To identify the rich stew of cultural influences that helped to shape surya namaskar is in no way to diminish its mysterious power and beauty. It wouldn’t be the basic back-beat of (at a guess) half of all global yoga classes if it didn’t move us deeply, scratch some kind of itch that our bodies have to stretch and move together. To flow through a dynamic yoga sequence as part of a group, with shared purpose, is an uncanny experience. Like a flock of starlings or a shoal of anchovies, each body is attuned to its neighbors. Moods and impulses can flit across the group without warning. Sometimes this group energy feels like solidarity, sometimes like competition. It can be expansive and exhilarating: can carry you through a tough practice that you would easily have given up if you were attempting it alone and take your practice to new levels. It can also drown out your interoceptive voice and take you beyond your safe physical limits. Likewise, compulsive repetition of sun salutations can be immensely soothing and can also open the door to repetitive strain injuries.

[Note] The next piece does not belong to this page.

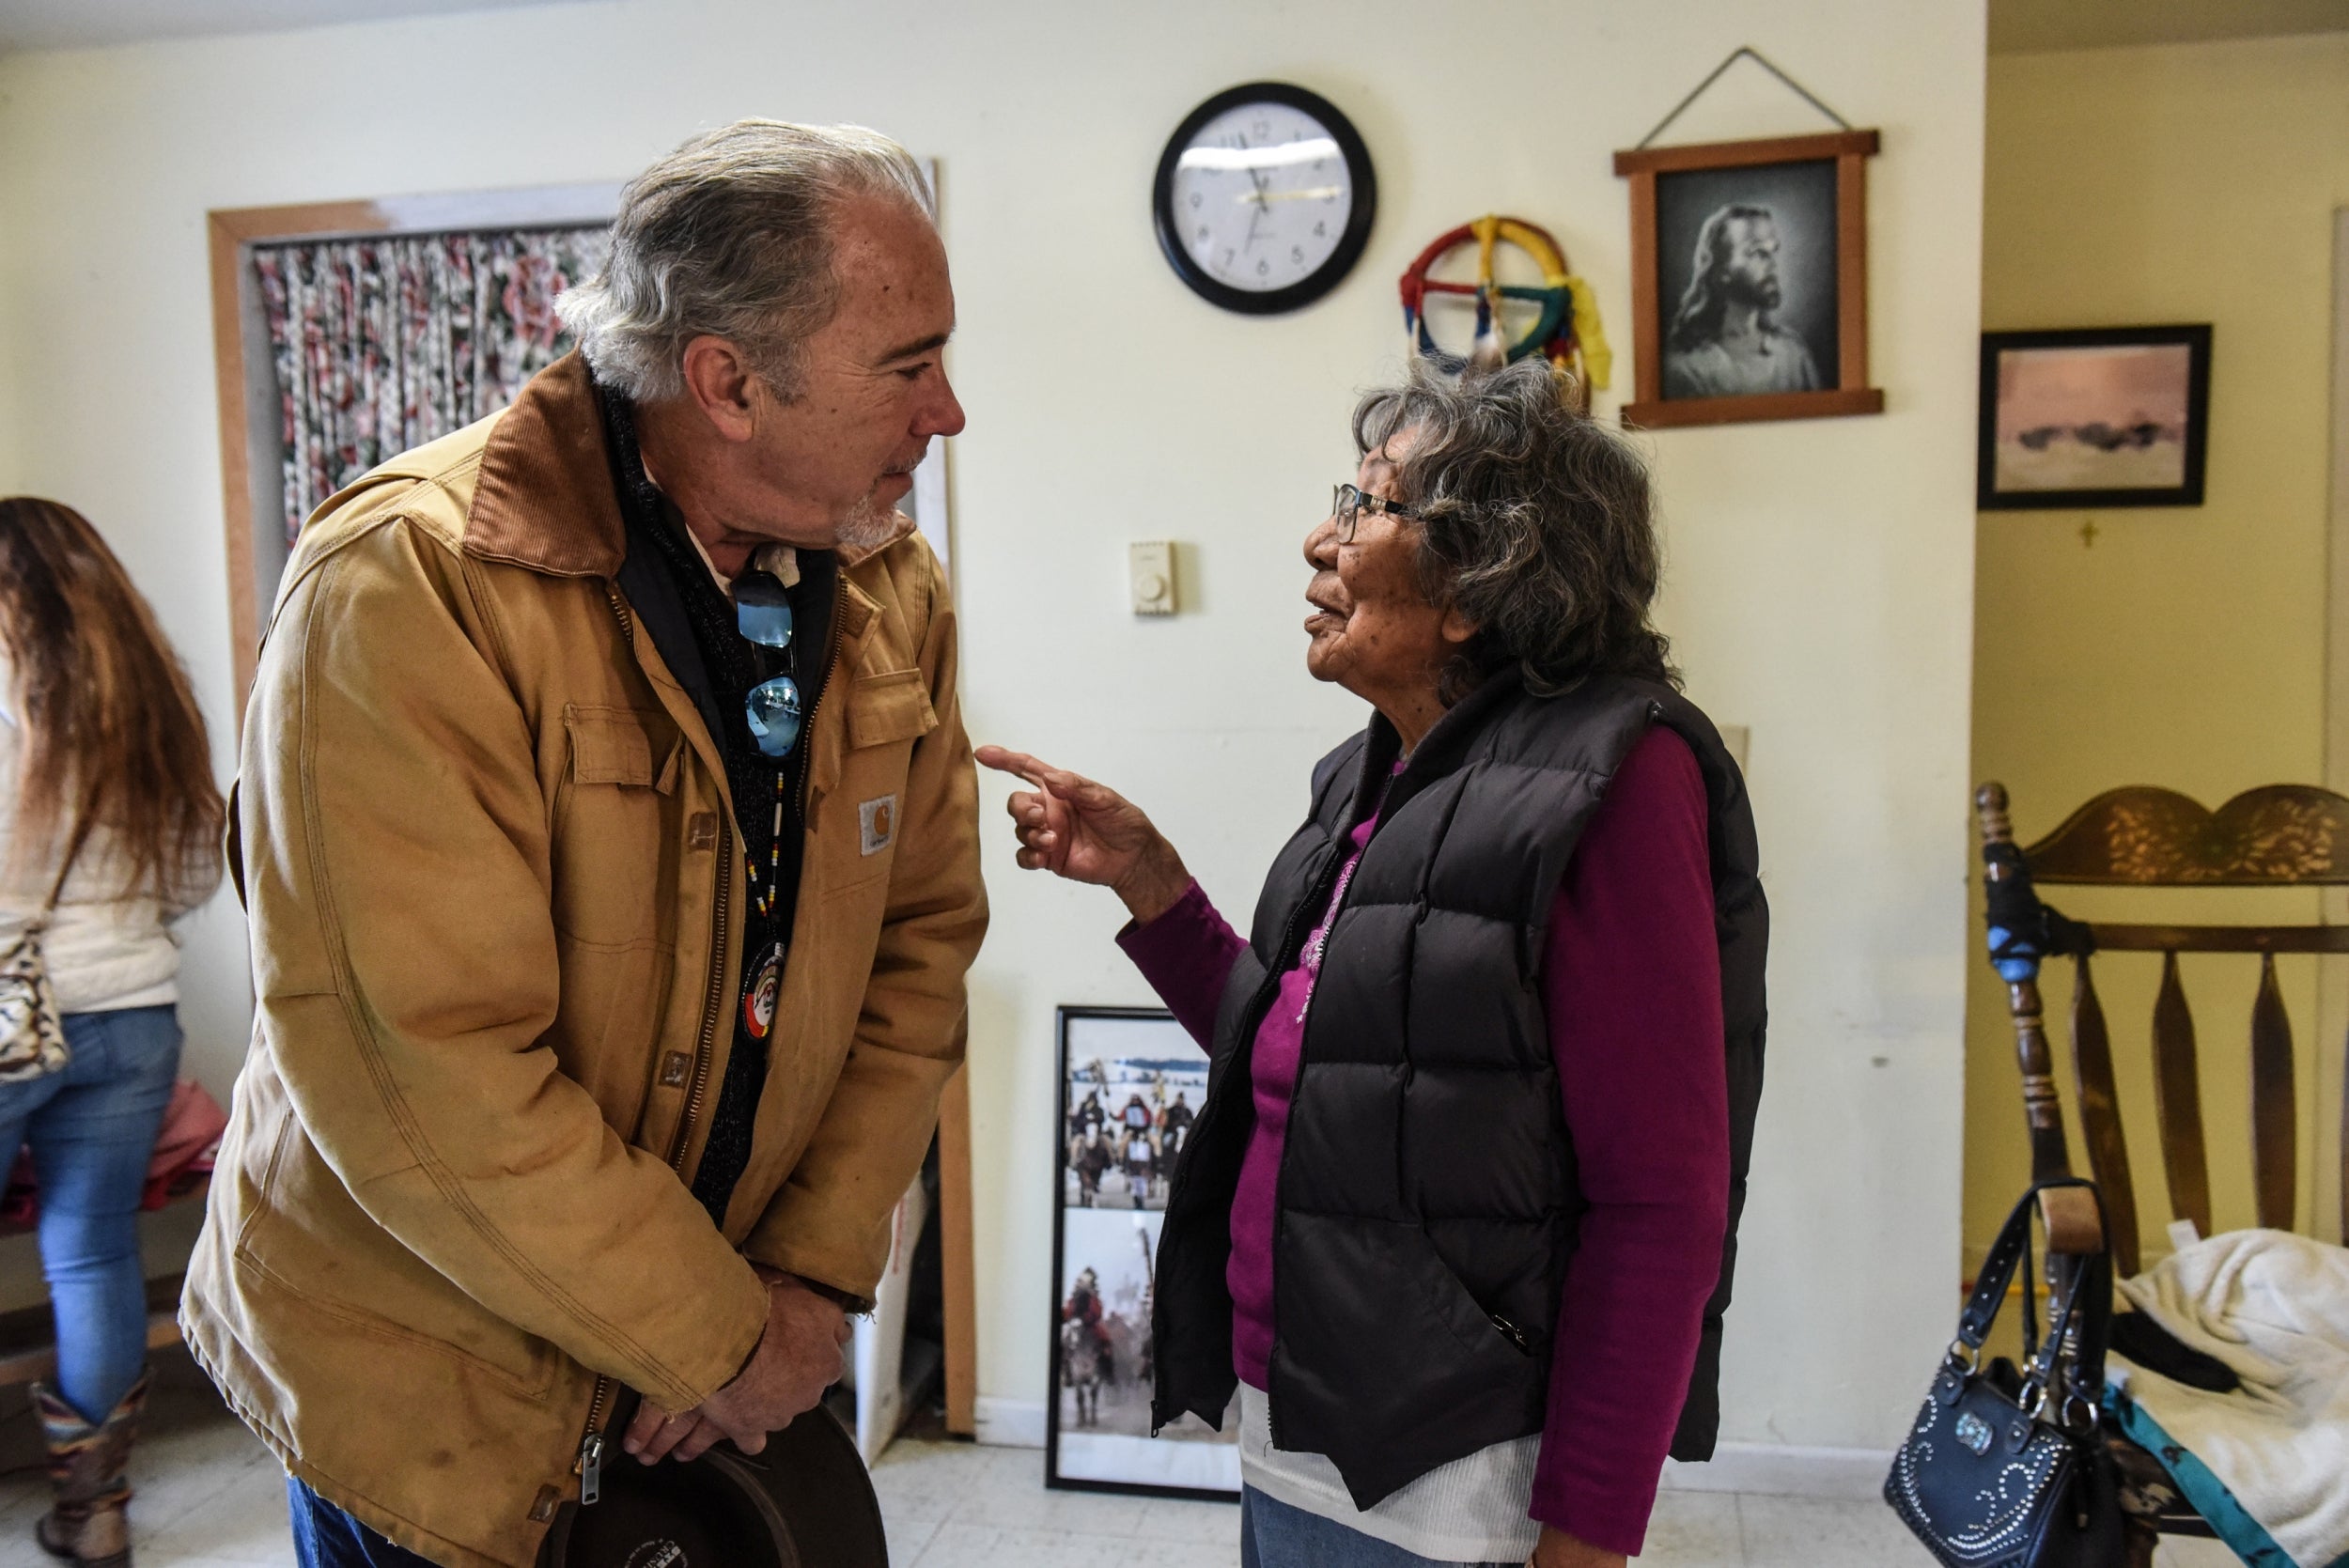 Brad Upton, a descendant of the commander of the US troops who carried out the Wounded Knee massacre in South Dakota in 1890, meets Debbie Day, a relative of one of the Lakota victims, on a reservation in Bridger in November 2019 to formally apologise for his ancestor's part in the massacre

This group dynamic is a relatively recent innovation in yoga practice, which for the previous 1,500 years had always been a rather solitary pursuit, so I think it’s interesting to compare how your sun salutations feel when you’re alone in the room. It’s a bit like exchanging the collective discipline of orchestral music for the looser explorations of jazz. Following that metaphor, you might like to experiment with tempo: how insanely sloooowly can you move through the sequence? Or go andante, each movement strolling smoothly into the next with no pauses. Or extemporize around the basic refrain; maybe even linger in one shape for the equivalent of a self-indulgent 10-minute drum solo.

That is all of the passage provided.